- Born: December 3, 1969 (age 56) Turin
- Occupation: Professor of Political Science
- Awards: EUSA Award for the best book published in 2007 or 2008

Academic background
- Alma mater: London School of Economics and Political Science
- Thesis: Executive and bureaucratic politics in the European Union: Bureaucratic preferences, executive discretion and procedural control of the European Commission (2000)
- Doctoral advisor: Cheryl Schonhardt-Bailey

Academic work
- Discipline: Political Science
- Institutions: London School of Economics and Political Science University College London University of Milan
- Website: users2.unimi.it/fabiofranchino/

= Fabio Franchino =

Italian political scientist and professor

Fabio Franchino (born 3 December 1969) is an Italian political scientist, professor at the University of Milan. He is editor of the Italian Political Science Review and associate editor of European Union Politics. His areas of specialization are EU politics and policy, comparative politics, and policy analysis, and is author of influential publications in these fields.

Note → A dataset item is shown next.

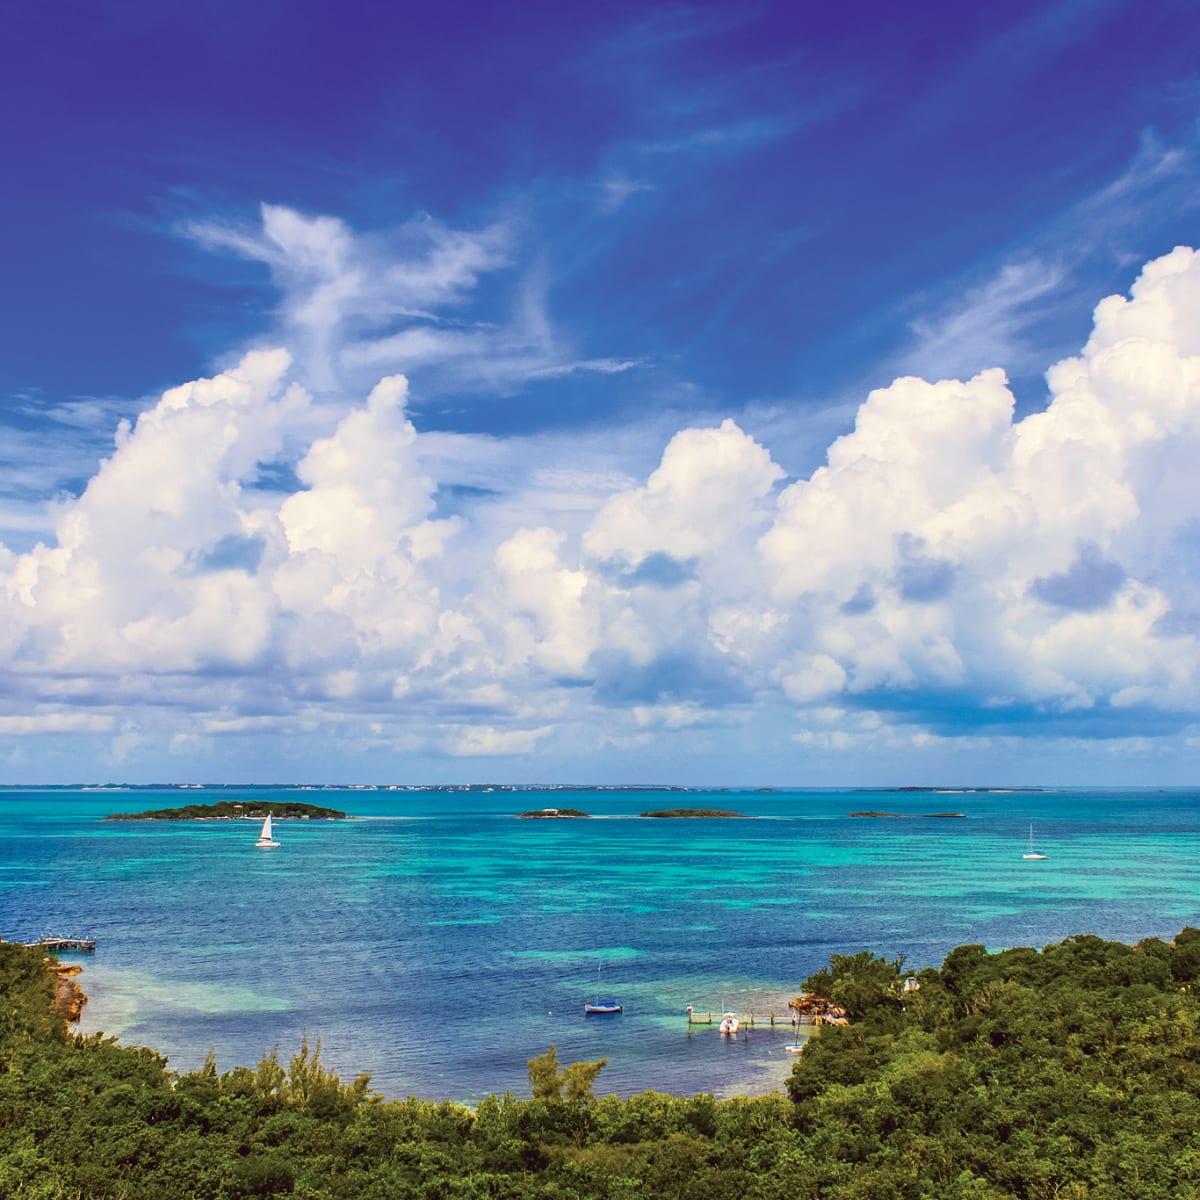 btc bahamos katalogas

==Early life and academic career==
Franchino obtained an undergraduate degree from the University of Brighton, a master's from Universita Commerciale Luigi Bocconi in Milan, and a PhD from the London School of Economics and Political Science. His doctoral thesis, dated 2000, was titled Executive and bureaucratic politics in the European Union: Bureaucratic preferences, executive discretion and procedural control of the European Commission. He started his academic career at the London School of Economics and Political Science as a class teacher, tutorial fellow, and lecturer between 1997 and 2001. He then moved to University College London where he was lecturer and reader from 2002 to 2007, when he earned his chair at the University of Milan.

==Academic service==
Franchino was elected president of the European Political Science Association for 2016-2018. He is also treasurer of the Standing Group on the European Union of the European Consortium for Political Research.

==Selected works==
- The Powers of the Union: Delegation in the EU. Cambridge: Cambridge University Press (2007), p. 355. EUSA Award for the best book published in 2007 or 2008.